Top of DATA SECTION
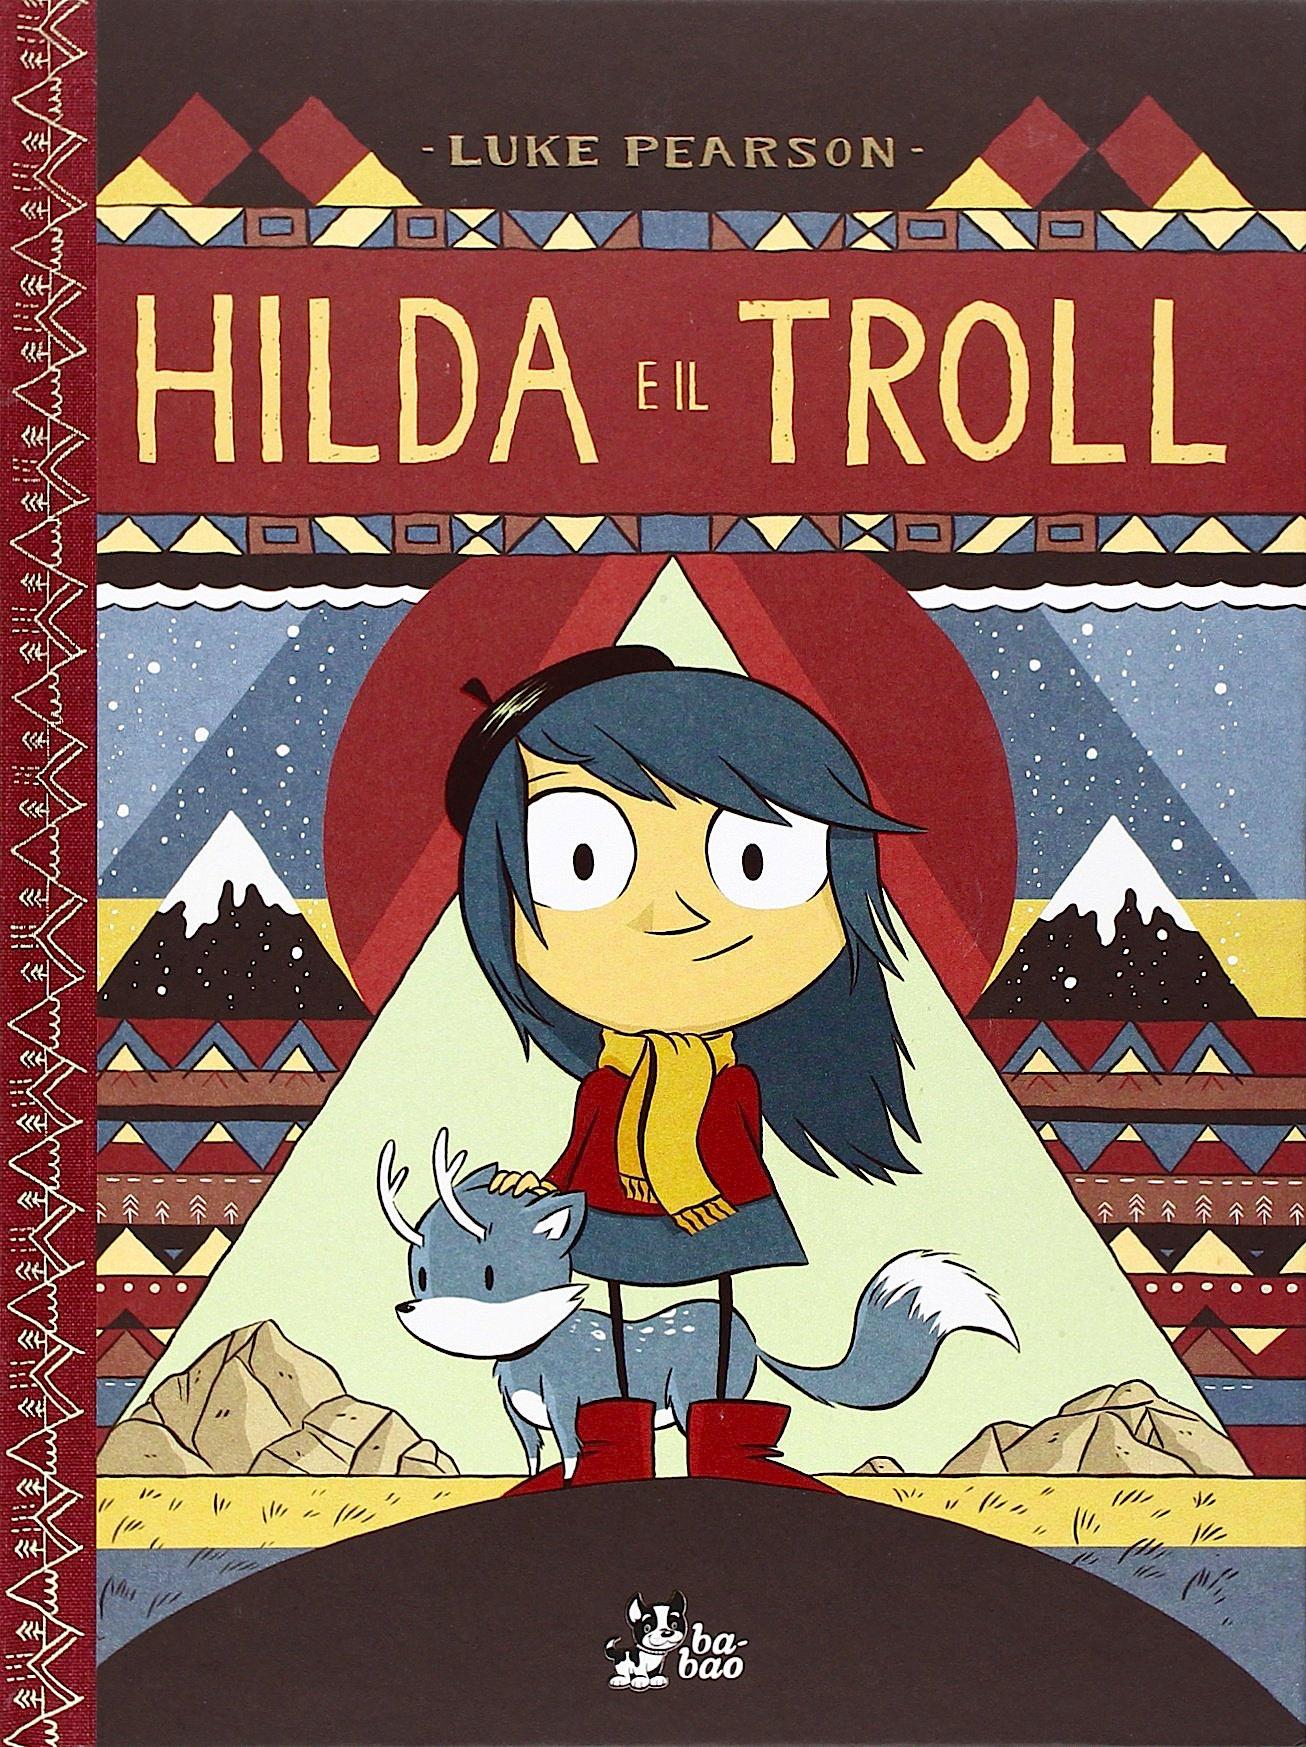 Hilda vol. 1
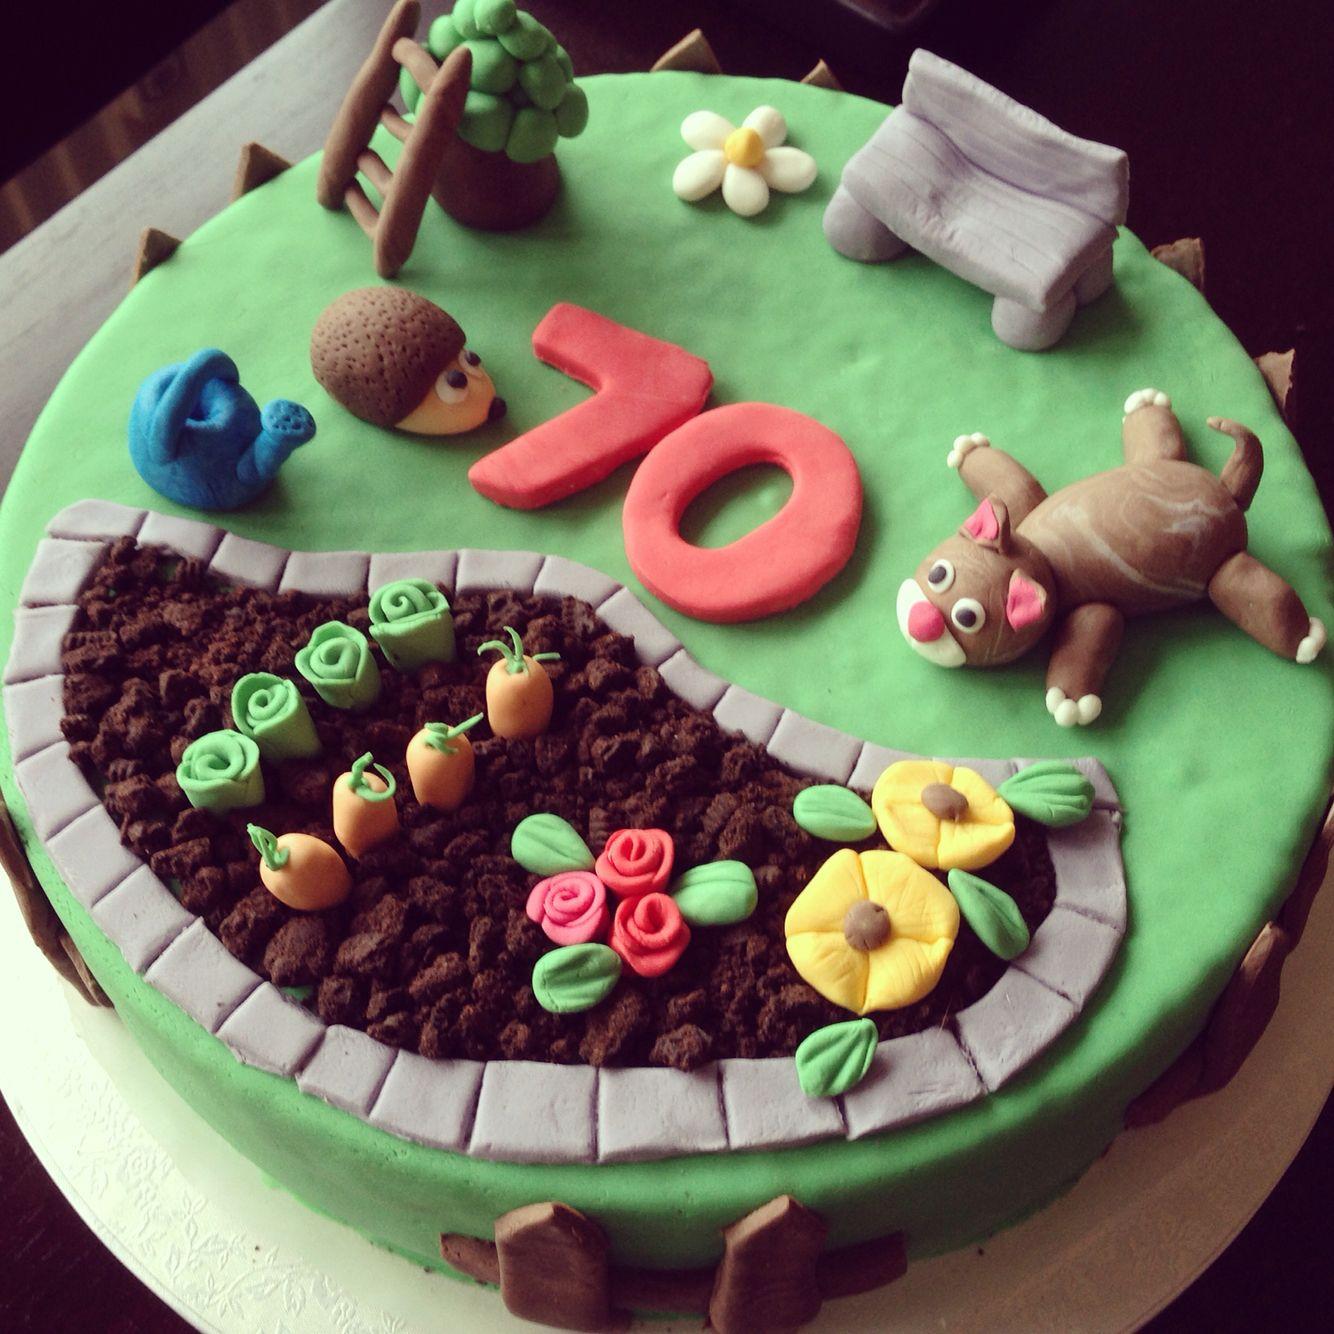 Garten Torte Cake Fondant Sweet Dreams Kuchen Gartenmotiv Tortenverzierungstipps Motivtorten
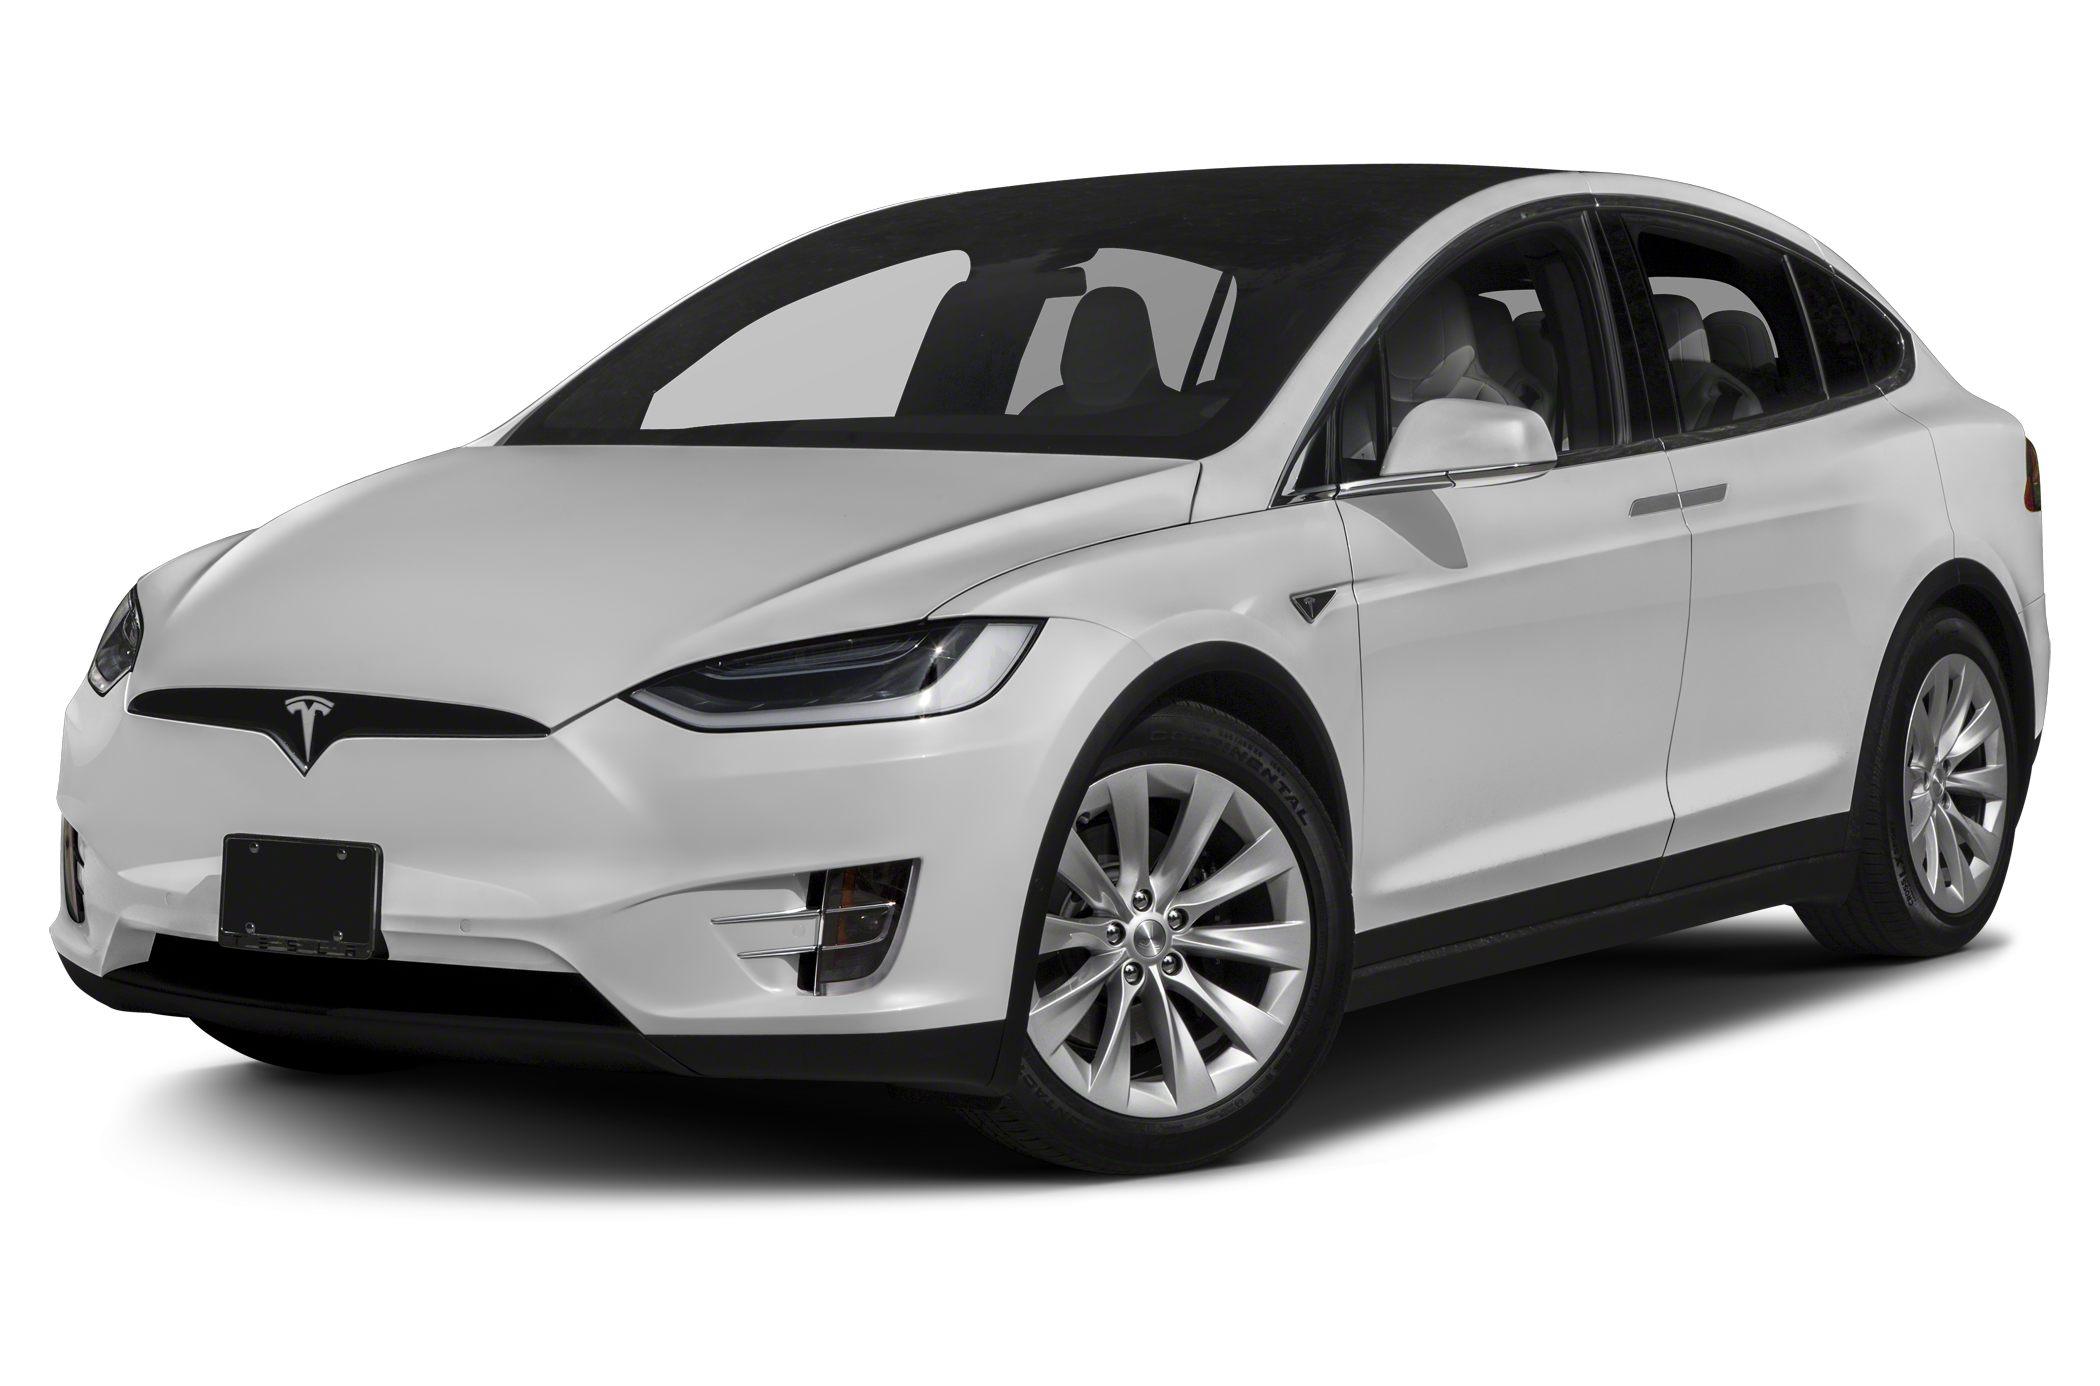 Punto de recarga Tesla Model X
Bottom of DATA SECTION
EXERCISE PROMPT
Reproduce all of the material exactly, apart from the pictures.

SOLUTION FOR THIS TASK
 Hilda vol. 1
 Garten Torte Cake Fondant Sweet Dreams Kuchen Gartenmotiv Tortenverzierungstipps Motivtorten
 Punto de recarga Tesla Model X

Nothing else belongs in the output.